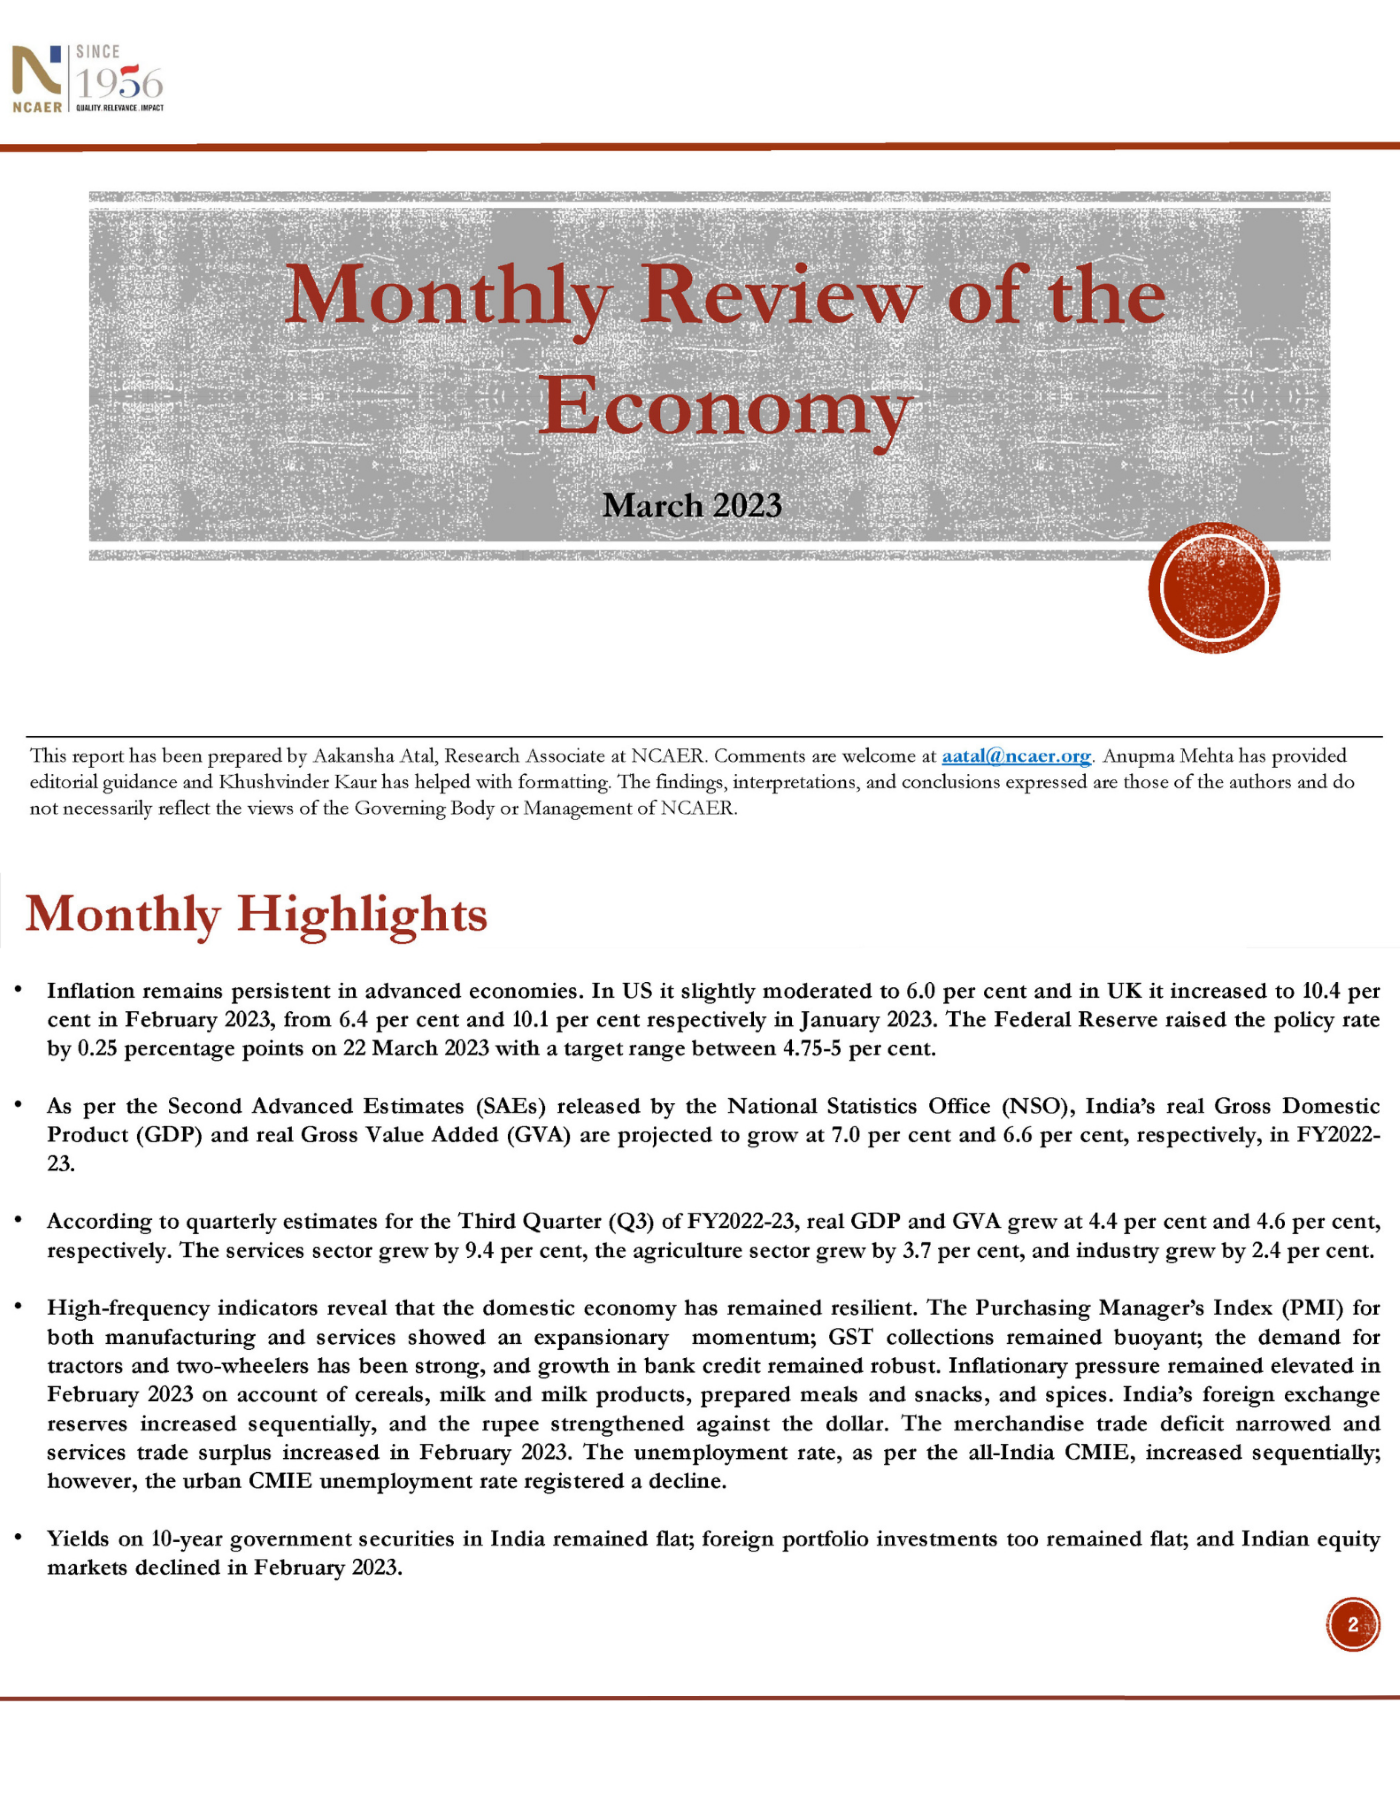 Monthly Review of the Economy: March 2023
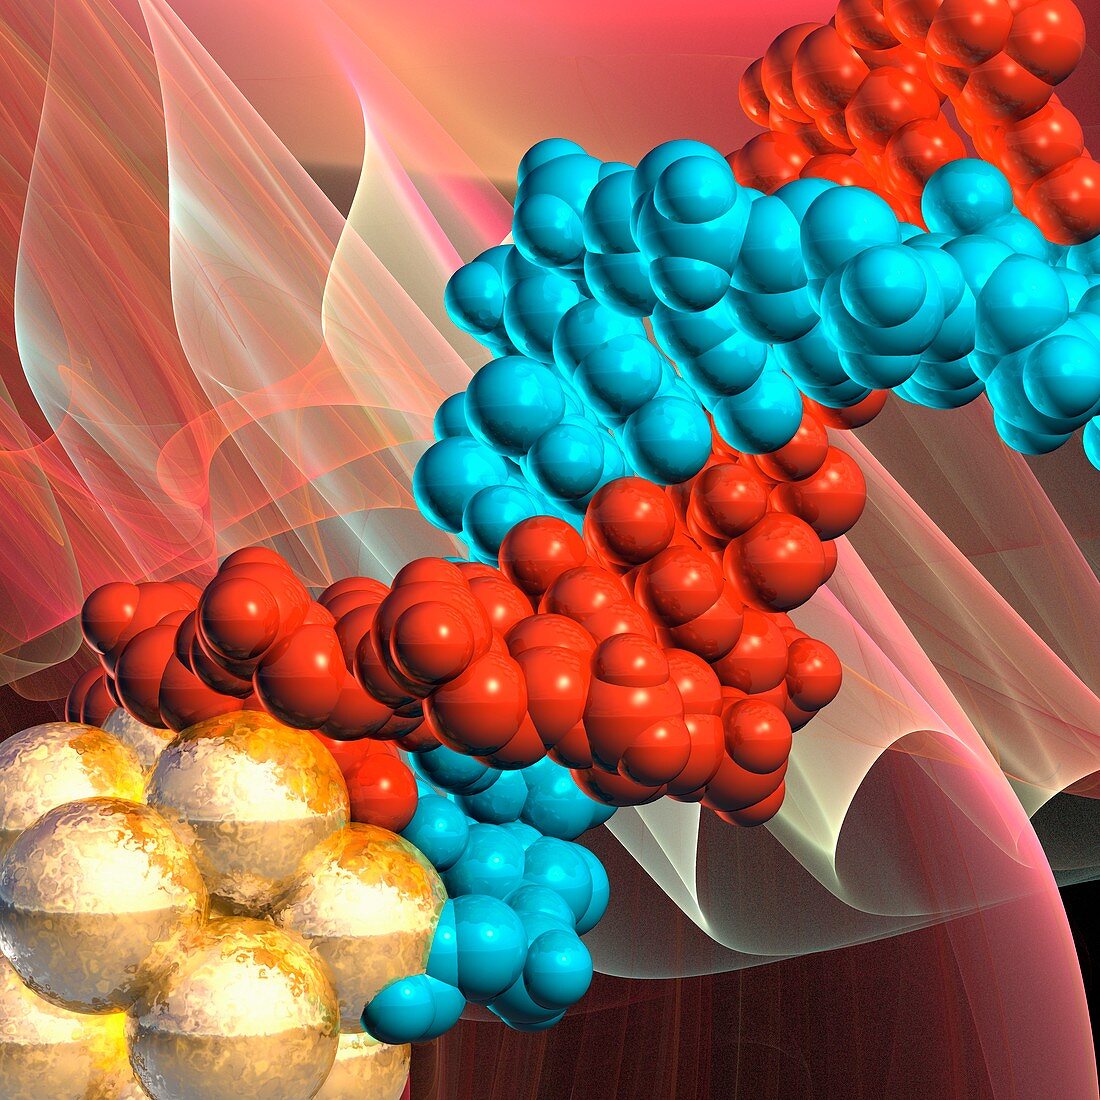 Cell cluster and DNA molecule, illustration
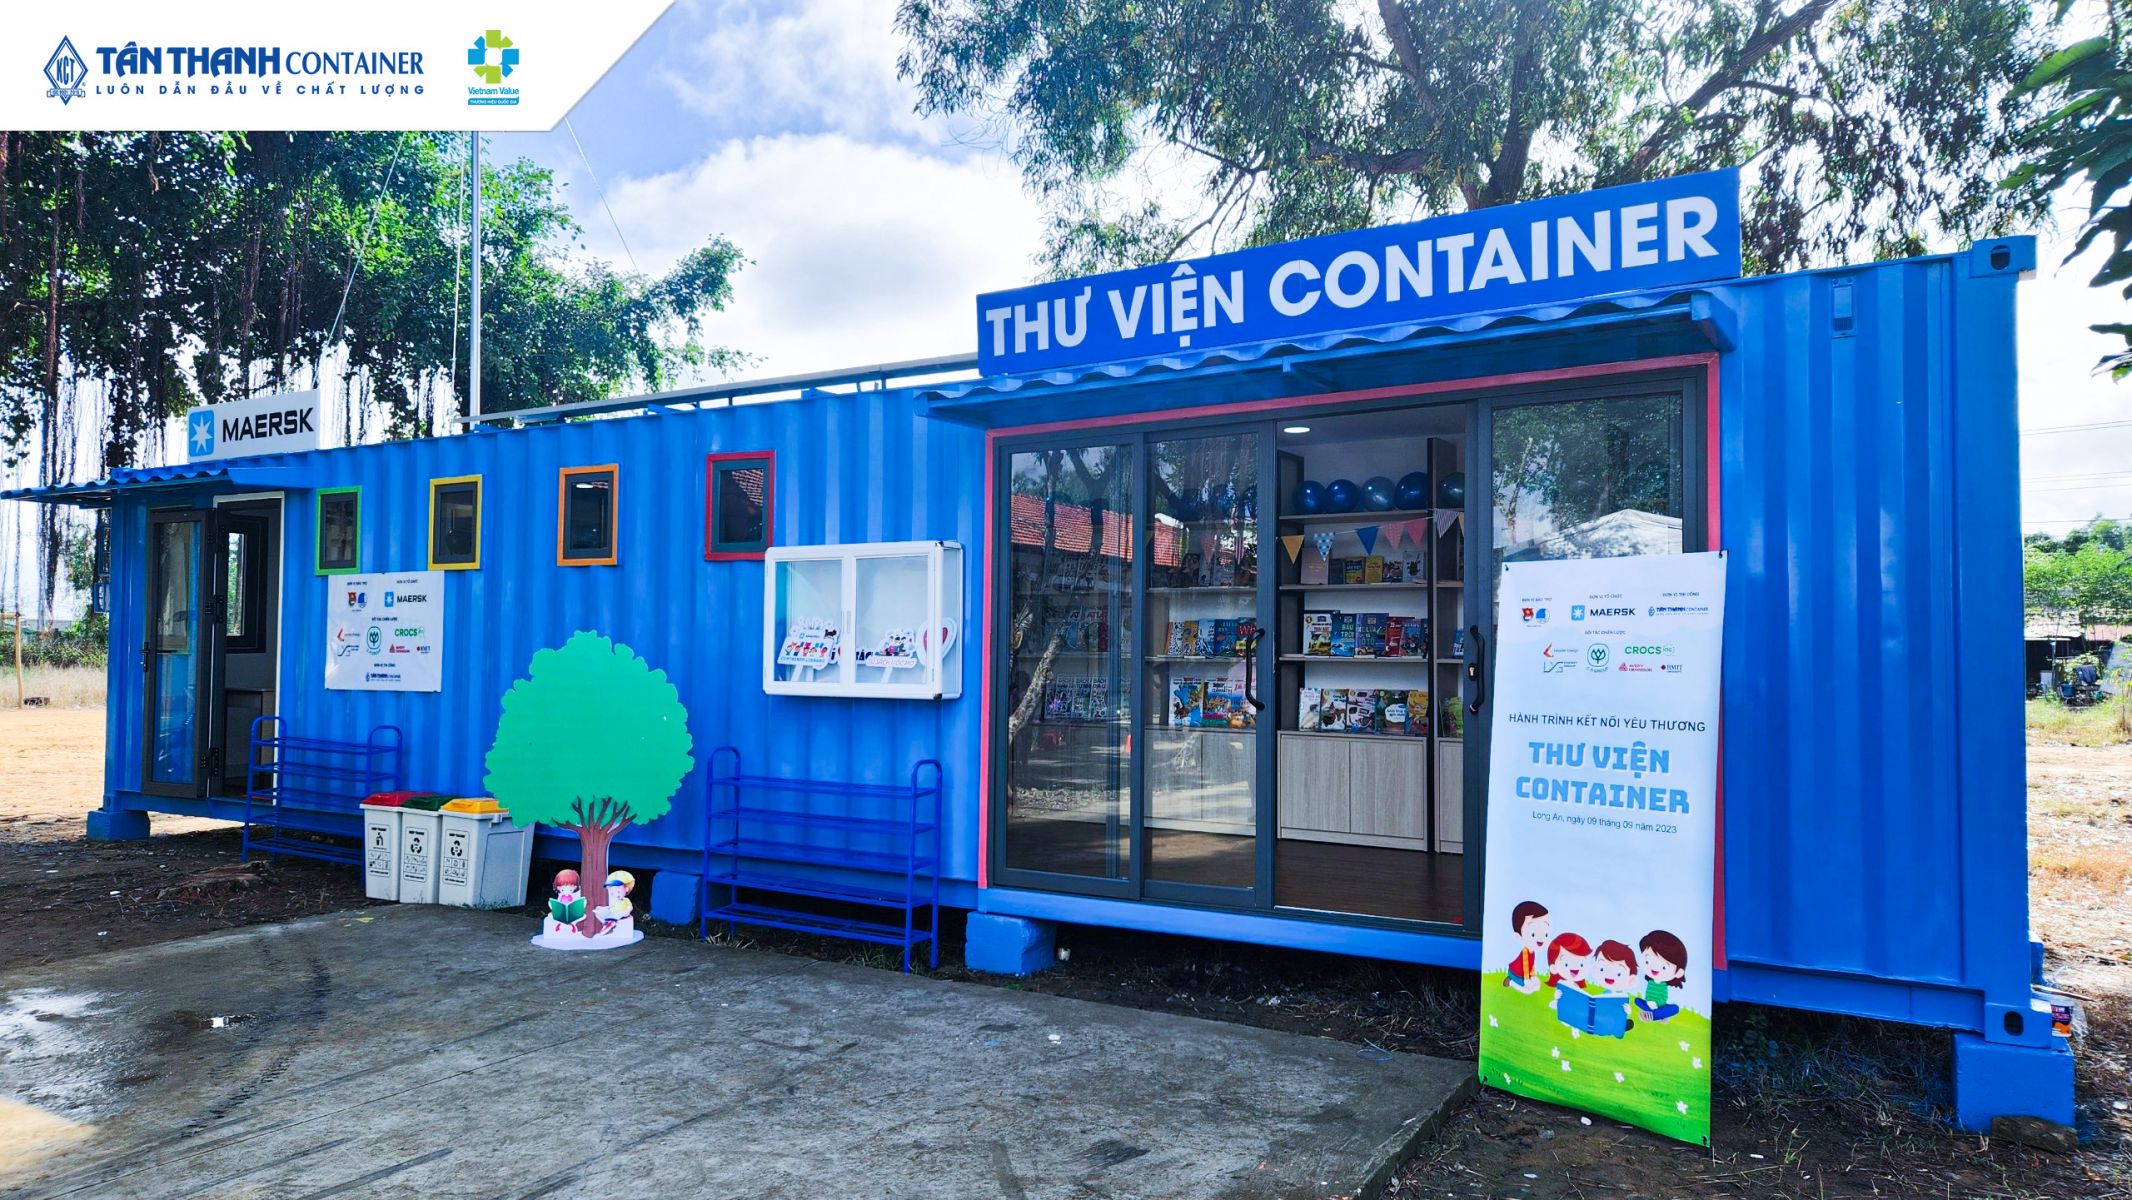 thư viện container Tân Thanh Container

## INSTRUCTIONS TO FOLLOW
Your copy of the data above should match it exactly, apart from the images.

## THE ANSWER
 Monthly Review of the Economy: March 2023
 Cell cluster and DNA molecule, illustration
 thư viện container Tân Thanh Container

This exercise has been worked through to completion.